I'm trying to understand the first proof suggested here http://math.cmu.edu/~bwsulliv/basel-problem.pdf for the basel problem.
The writer writes:
$\frac{\pi \cos(\pi y)}{\sin(\pi y)} = \frac{1}{y} - \sum_{k=1}^{\infty}\frac{2y}{k^2 - y^2}$ which is true and I understand why it is true. Lets call this formula A.

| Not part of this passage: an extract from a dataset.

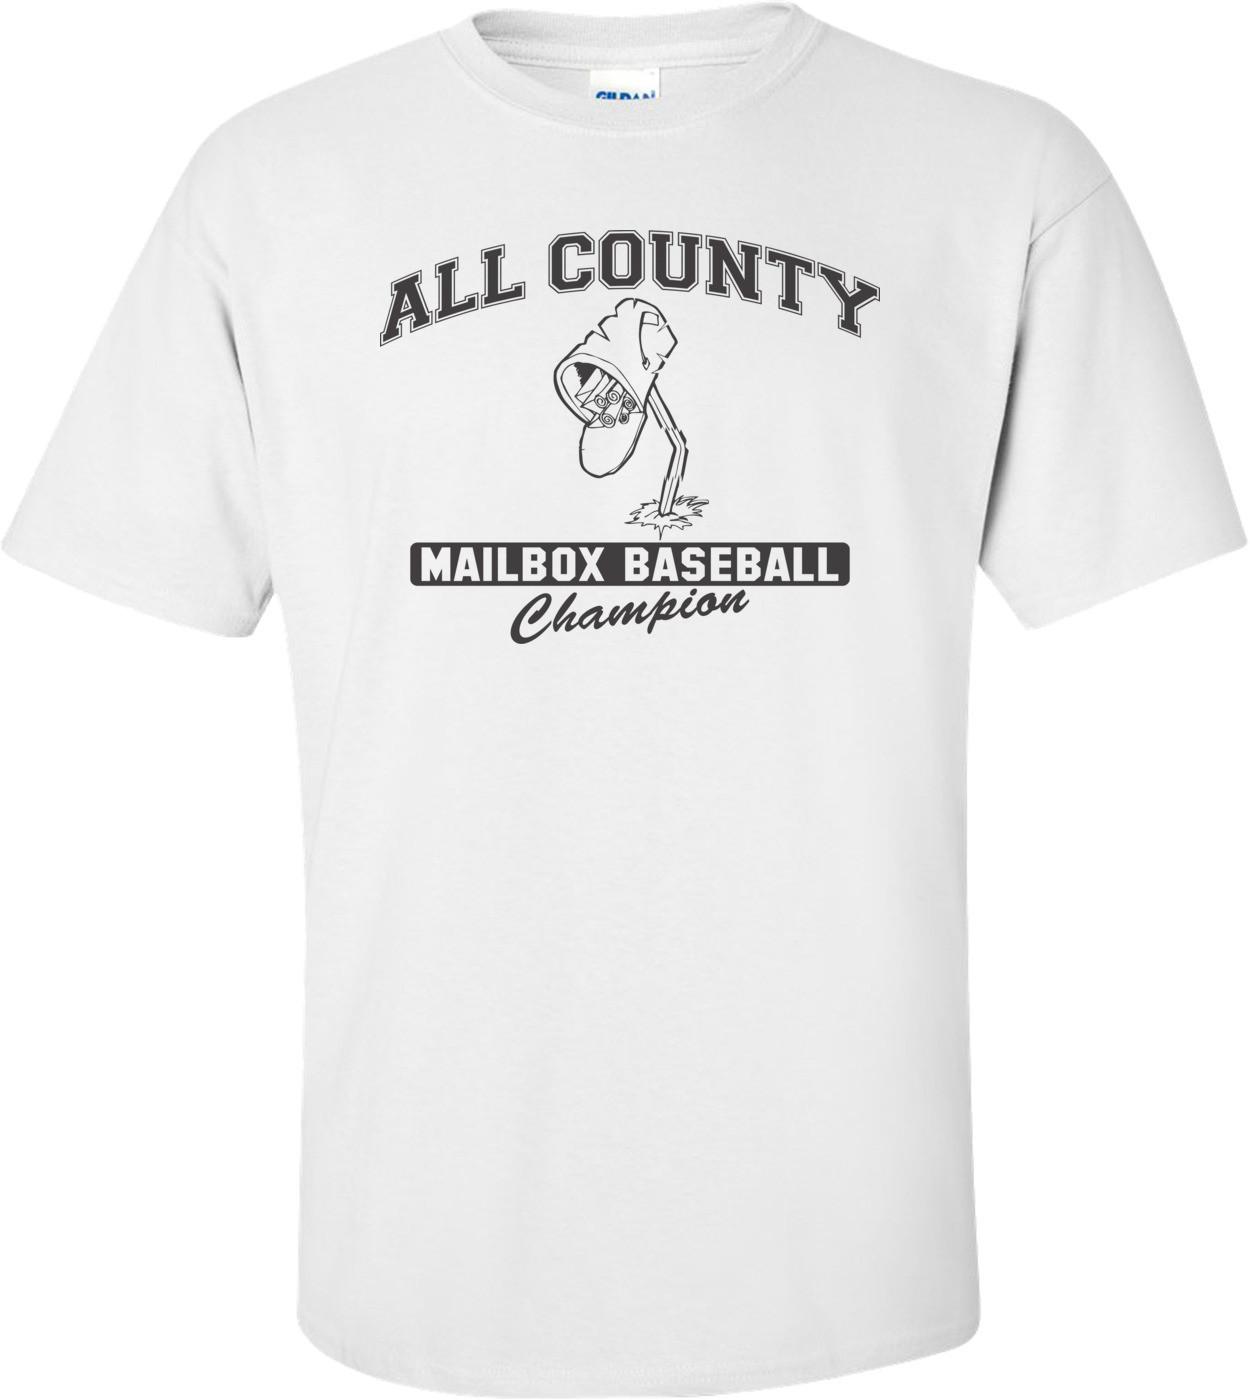 All County Mailbox Baseball Champion
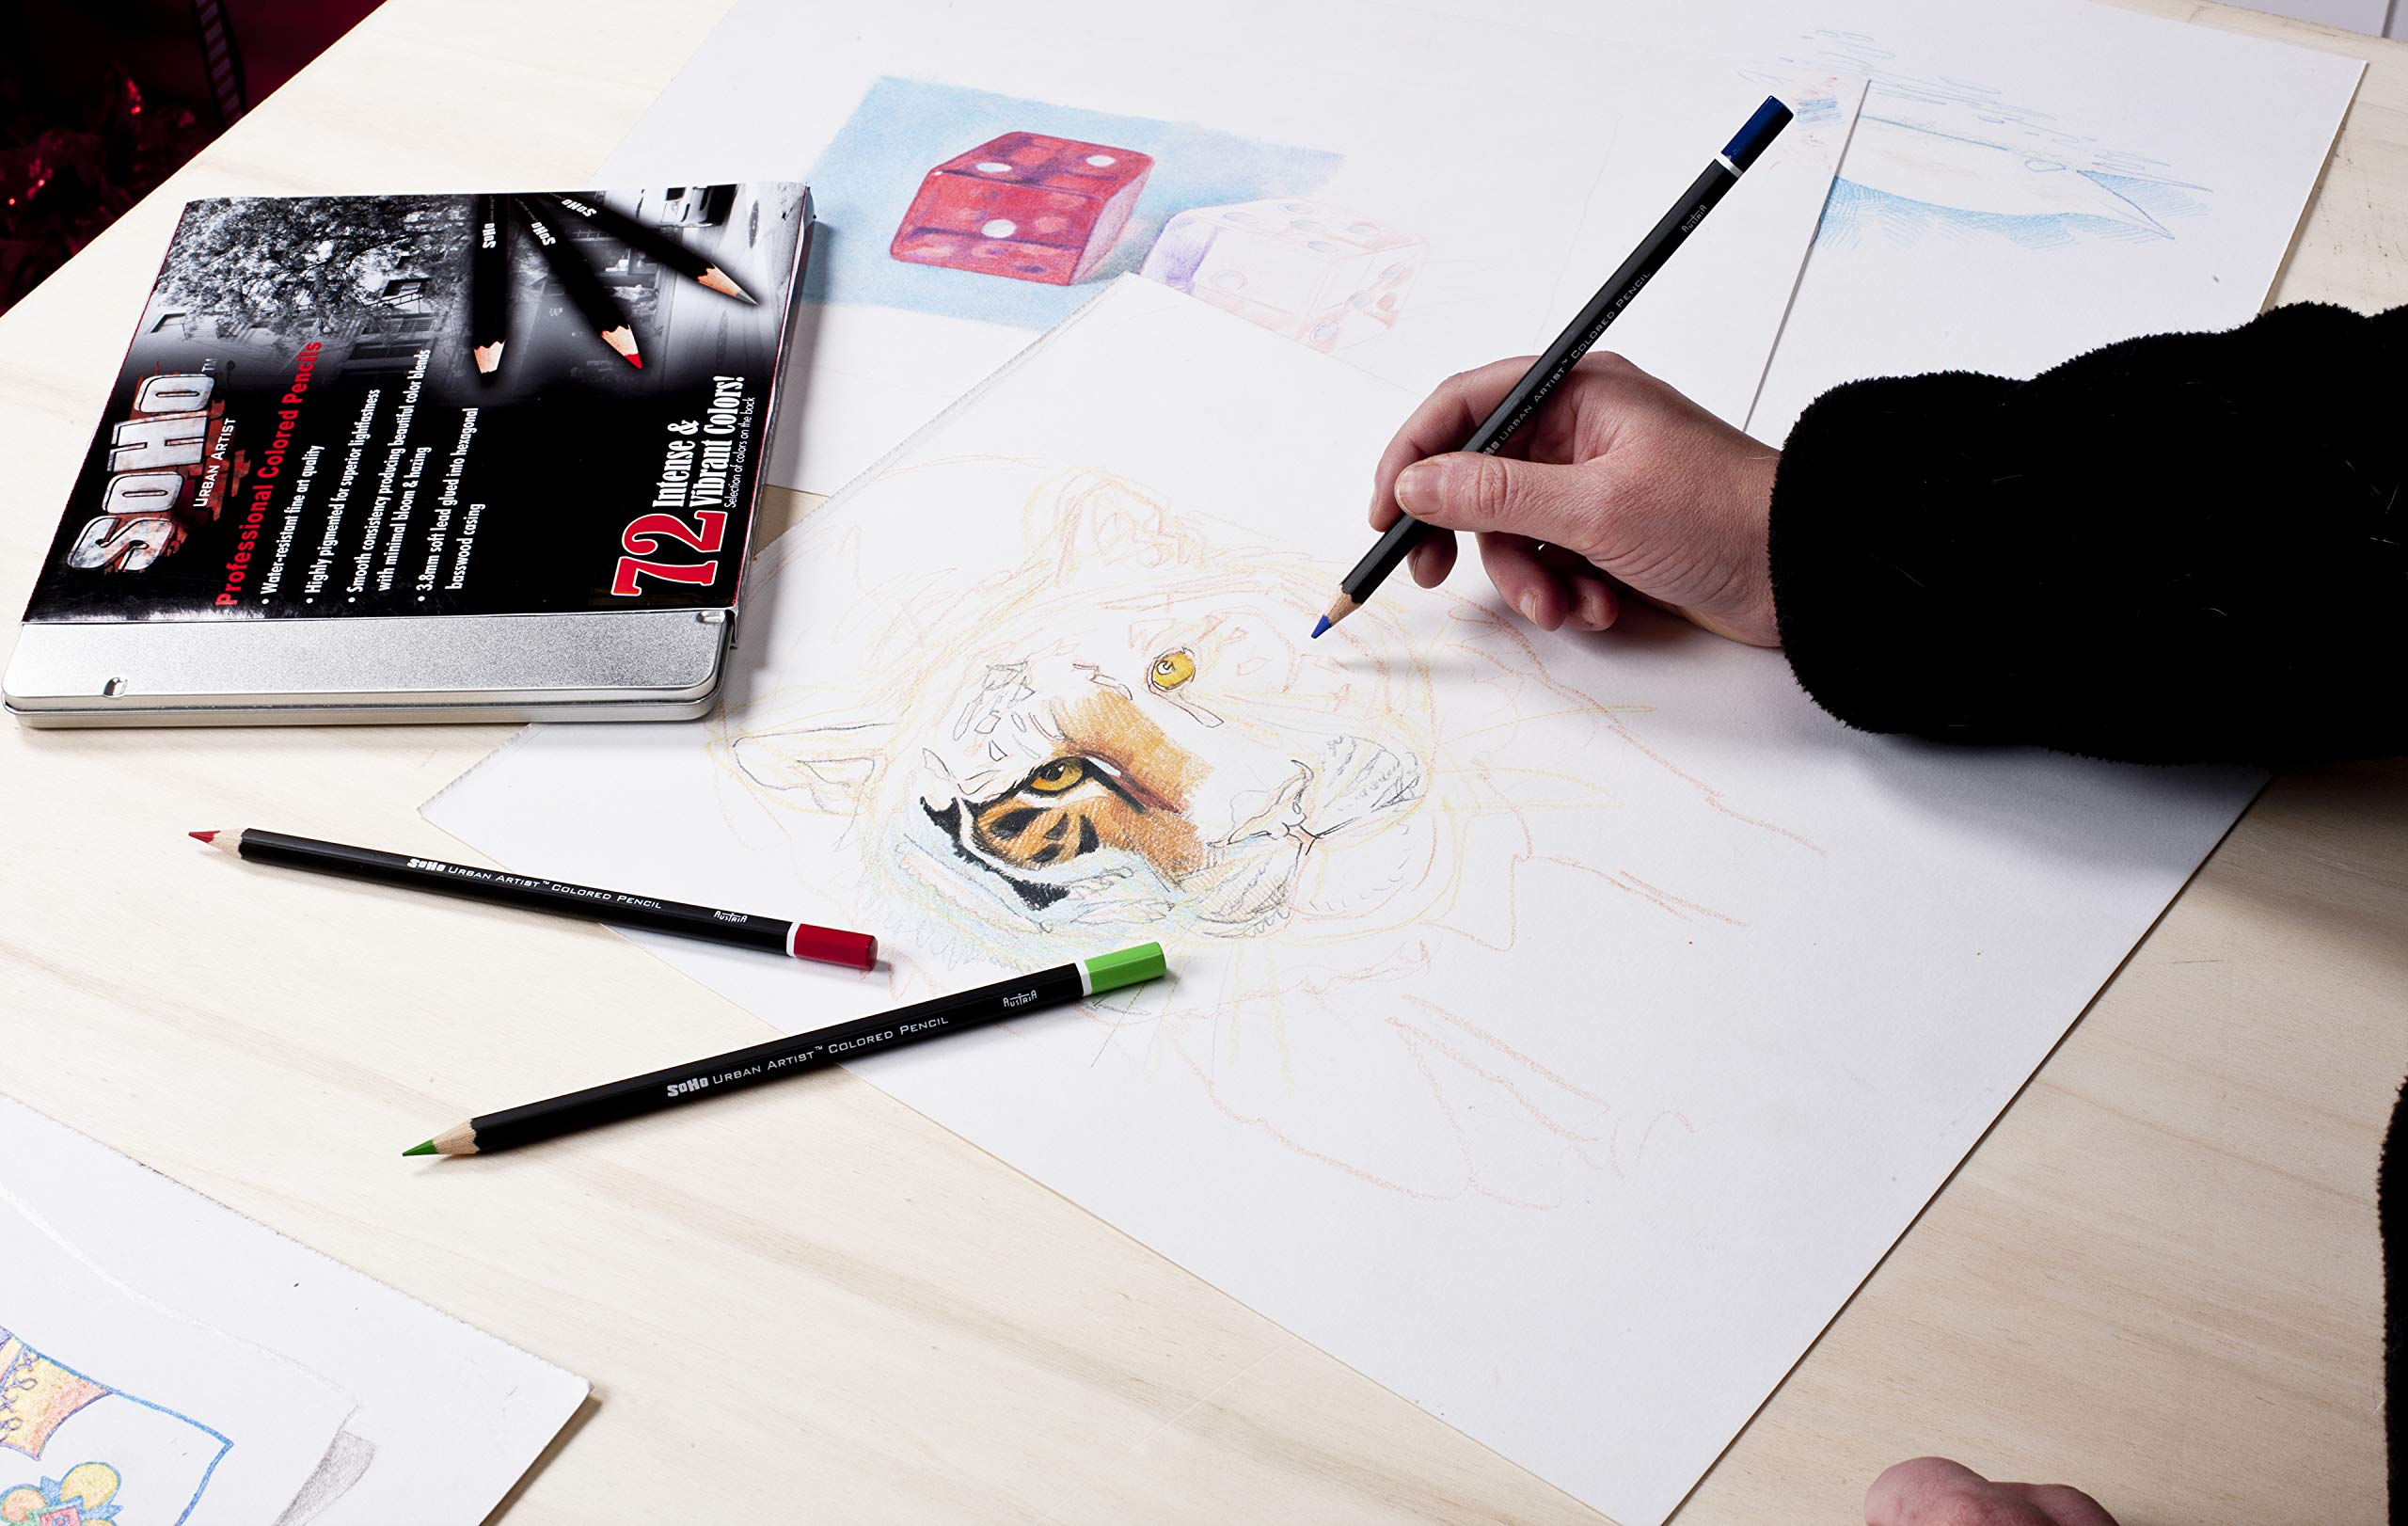 SoHo Urban Artist Professional Colored Pencil Set of 72 - Assorted Colors by Soho Urban Artist (Image #6)

The problem is with the next part. After this line, the author writes:
$\frac{1}{y} + \sum_{k=1}^{\infty}\frac{1}{k^2 - y^2} = \frac{1}{2y^2}-\frac{\pi \cos (\pi y)}{2y\sin(\pi y)}$
I'm not sure why that's true.
Lets work from formula A and divide it by $-2y$:
$-\frac{\pi \cos(\pi y)}{2y\sin(\pi y)} = -\frac{1}{2y^2} + \sum_{k=1}^{\infty}\frac{1}{k^2 - y^2}$
Now lets add $\frac{1}{2y^2}$ to both sides:
$\frac{1}{2y^2} -\frac{\pi \cos(\pi y)}{2y\sin(\pi y)} = \sum_{k=1}^{\infty}\frac{1}{k^2 - y^2}$
Where did the $\frac{1}{y}$ go? Am I missing something or is the author wrong?